### Exercise instructions
Please print, exactly, only the lines in the entries below from the line that has "Olive oil and" through the line that has "VEVOR Heat Press". Pictures don't go in.

### Source data
_ _ _ _ _ _ _

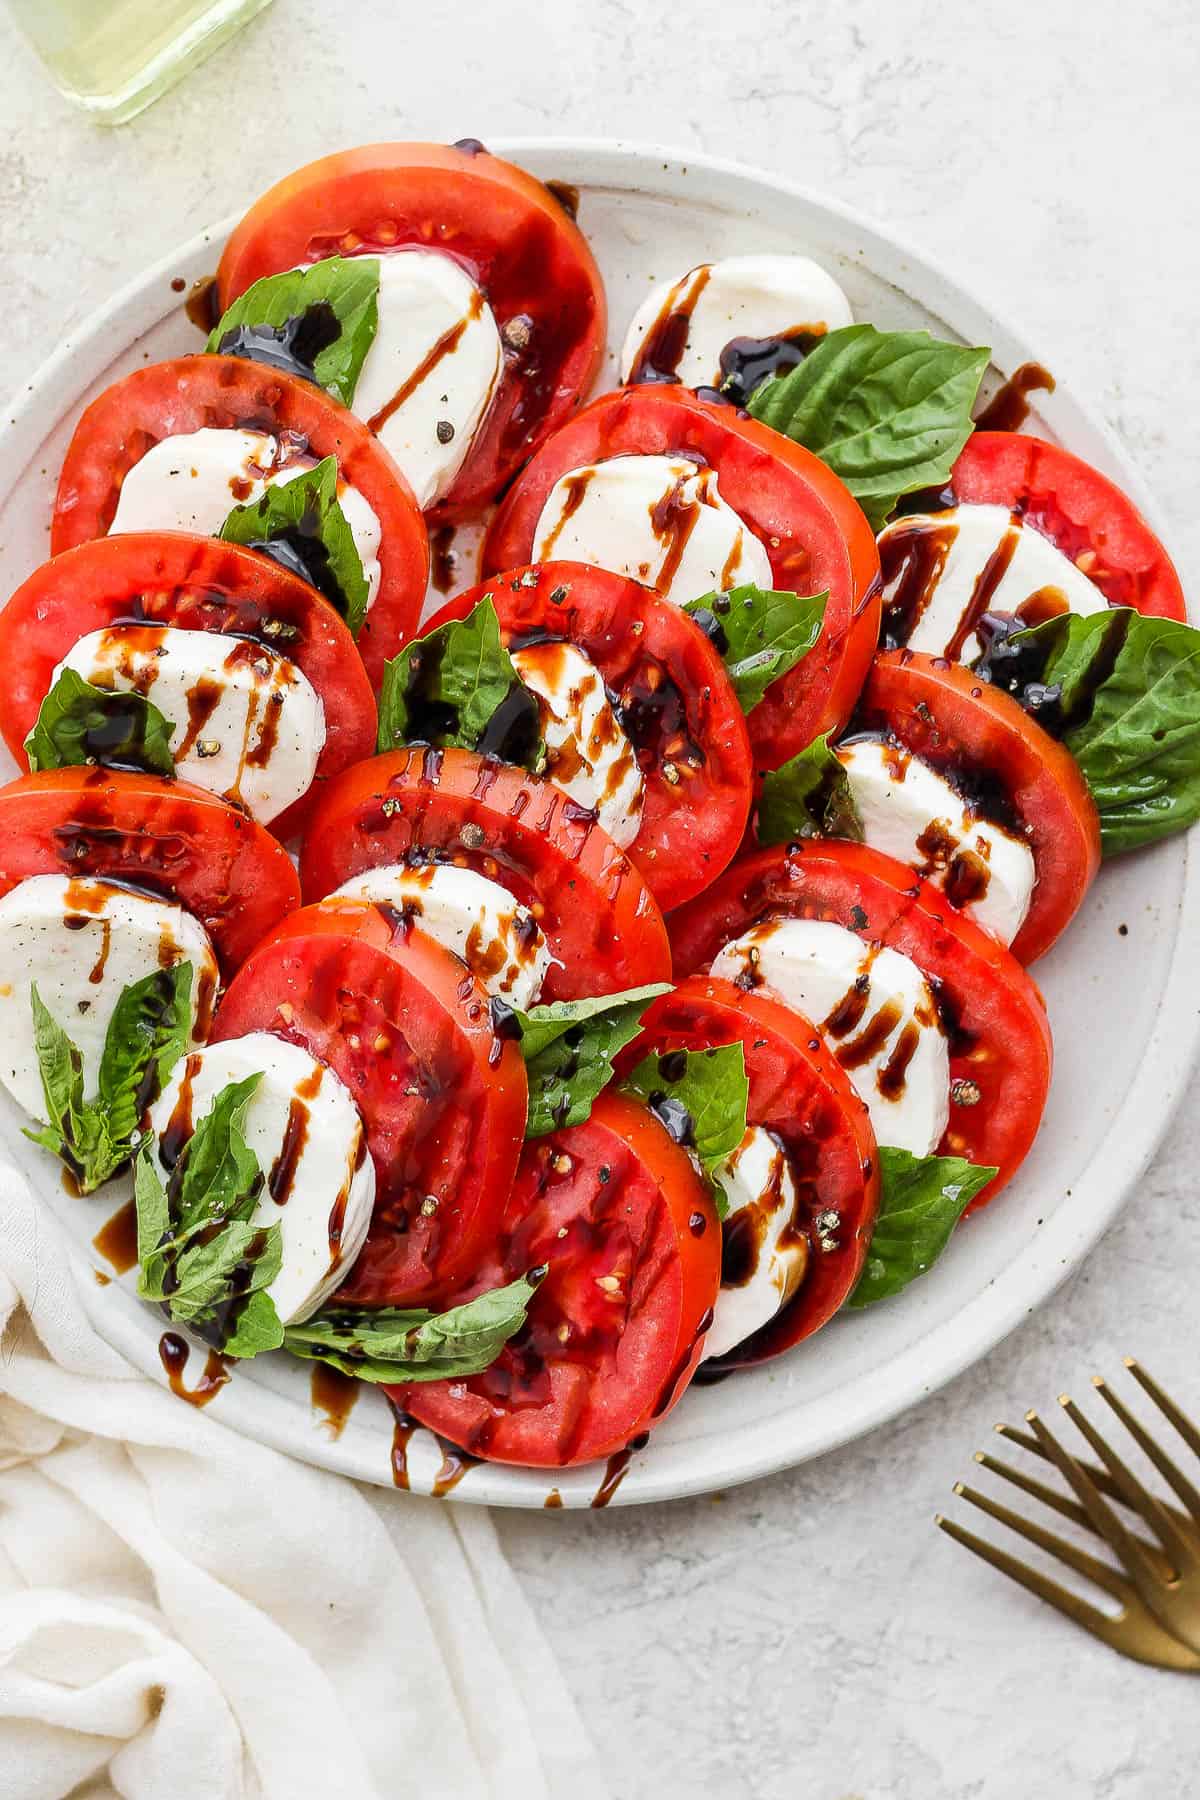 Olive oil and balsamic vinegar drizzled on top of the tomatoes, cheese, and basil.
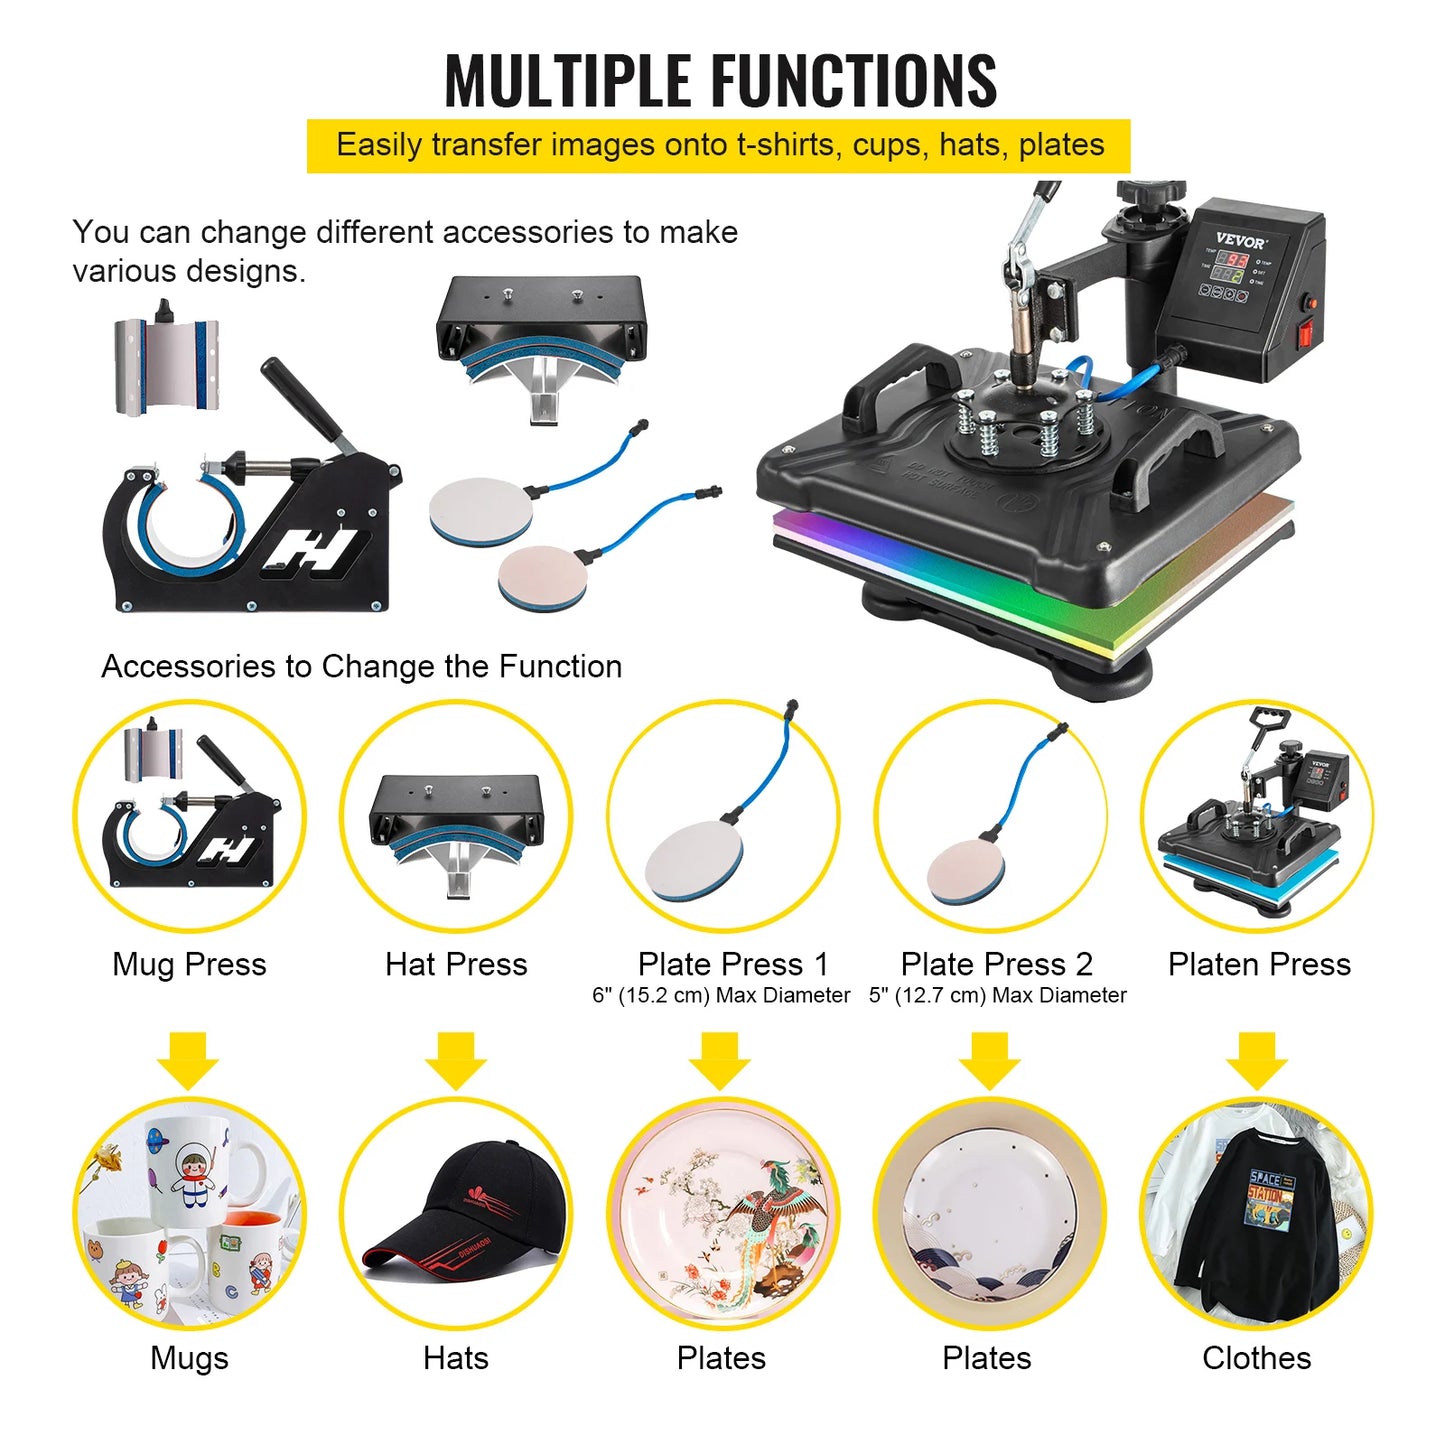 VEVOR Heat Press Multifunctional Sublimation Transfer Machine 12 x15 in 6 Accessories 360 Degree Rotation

_ _ _ _ _ _ _

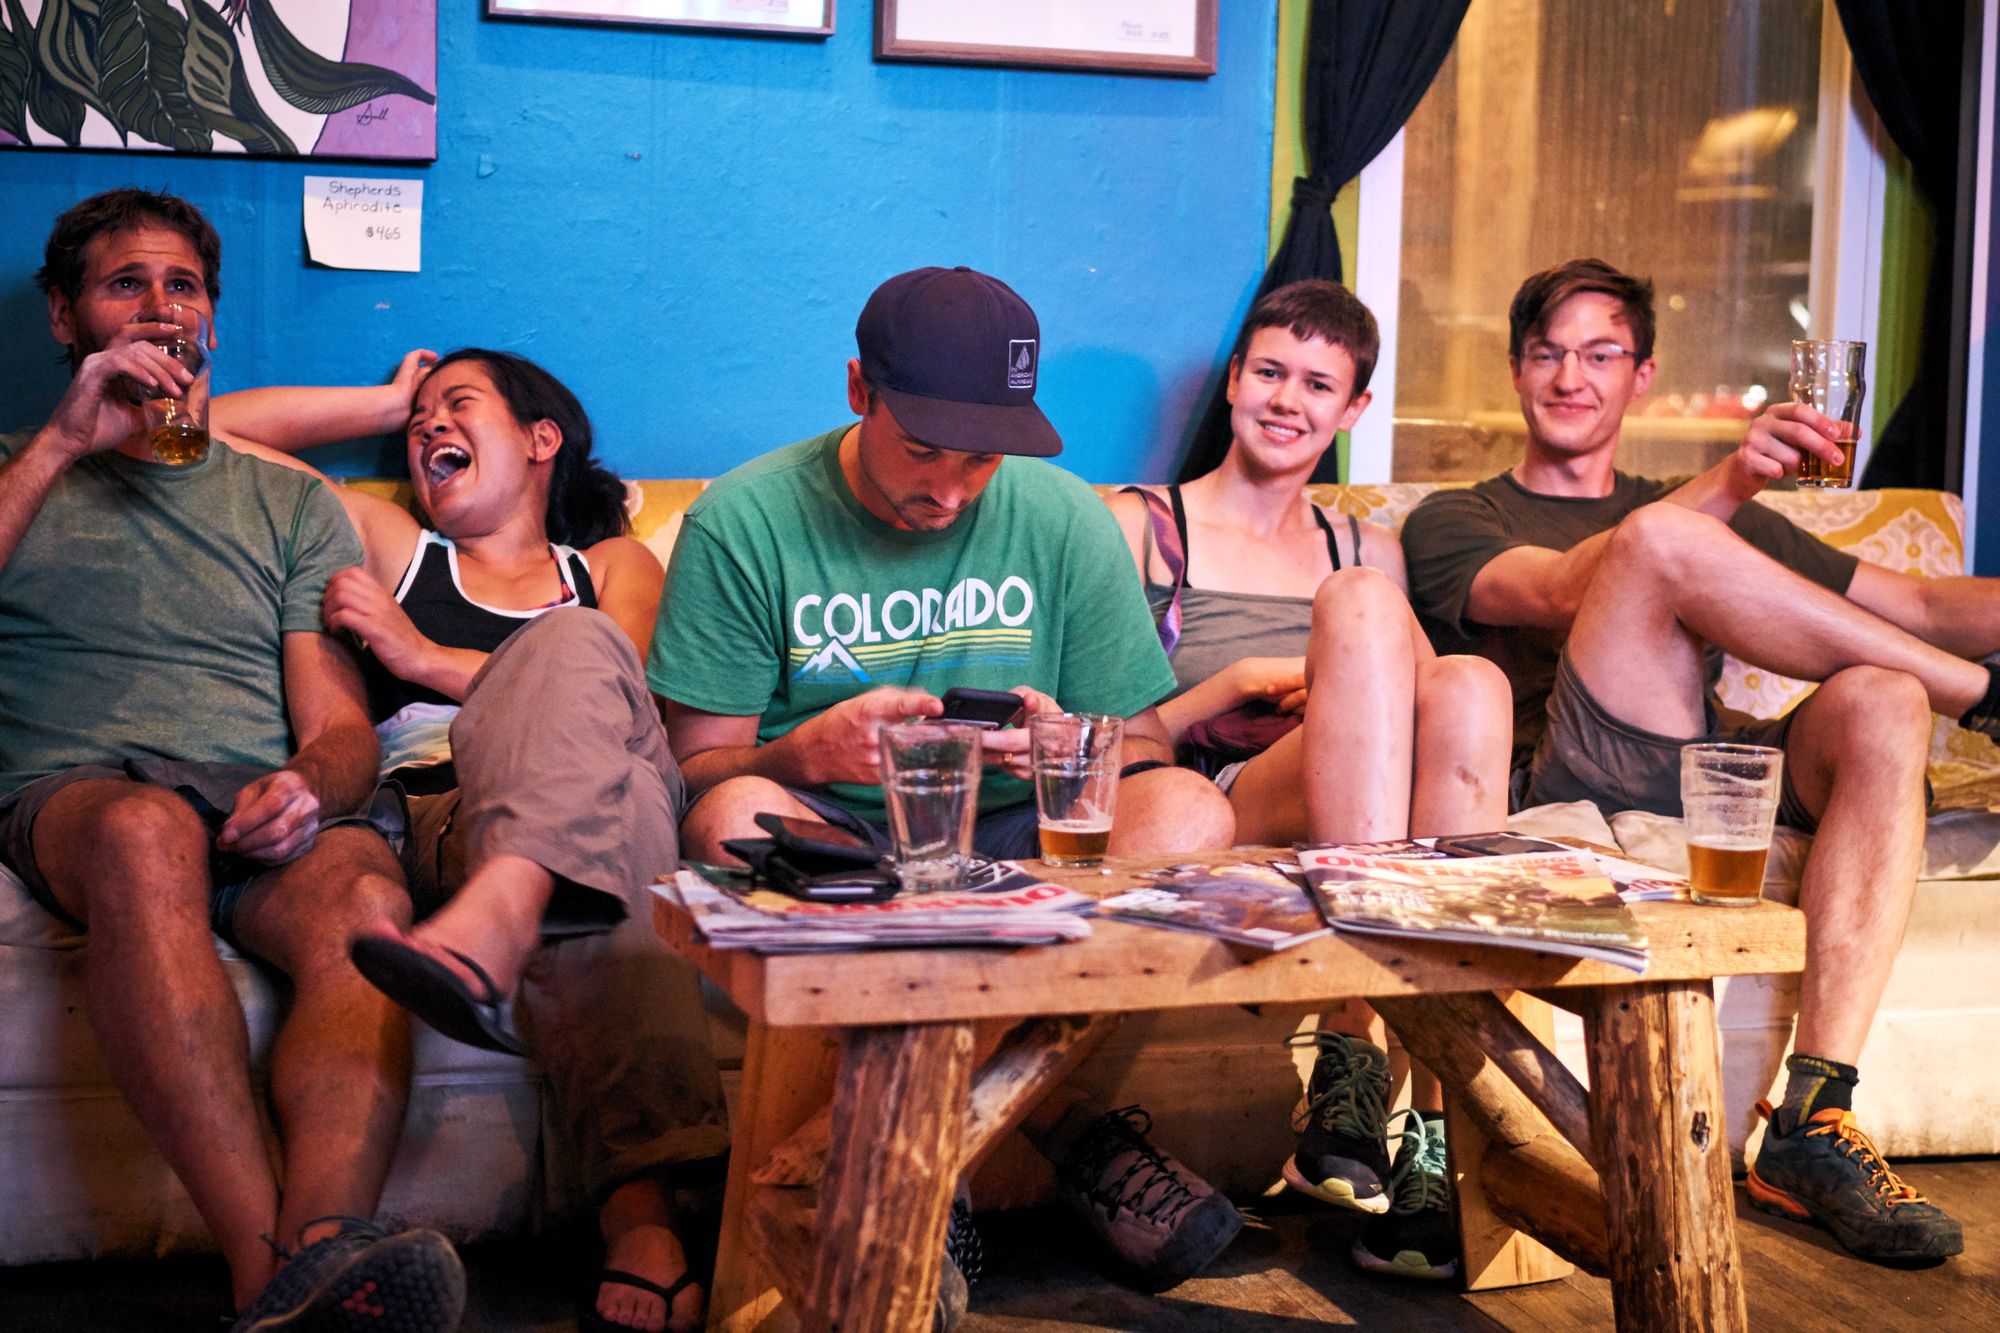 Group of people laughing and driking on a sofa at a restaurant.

_ _ _ _ _ _ _

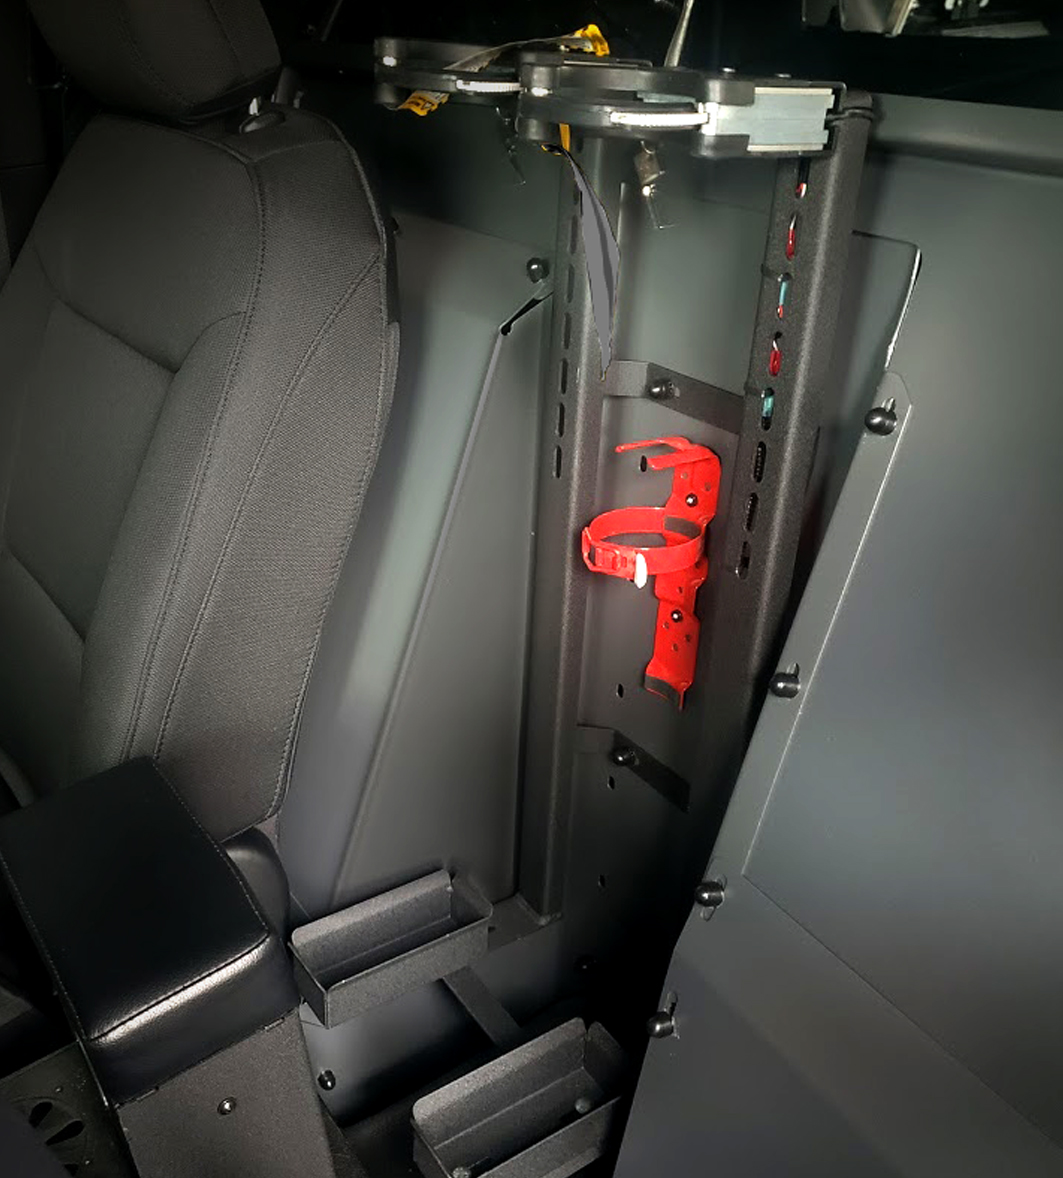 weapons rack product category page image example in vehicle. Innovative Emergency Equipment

_ _ _ _ _ _ _

### Written solution
 Olive oil and balsamic vinegar drizzled on top of the tomatoes, cheese, and basil.
 VEVOR Heat Press Multifunctional Sublimation Transfer Machine 12 x15 in 6 Accessories 360 Degree Rotation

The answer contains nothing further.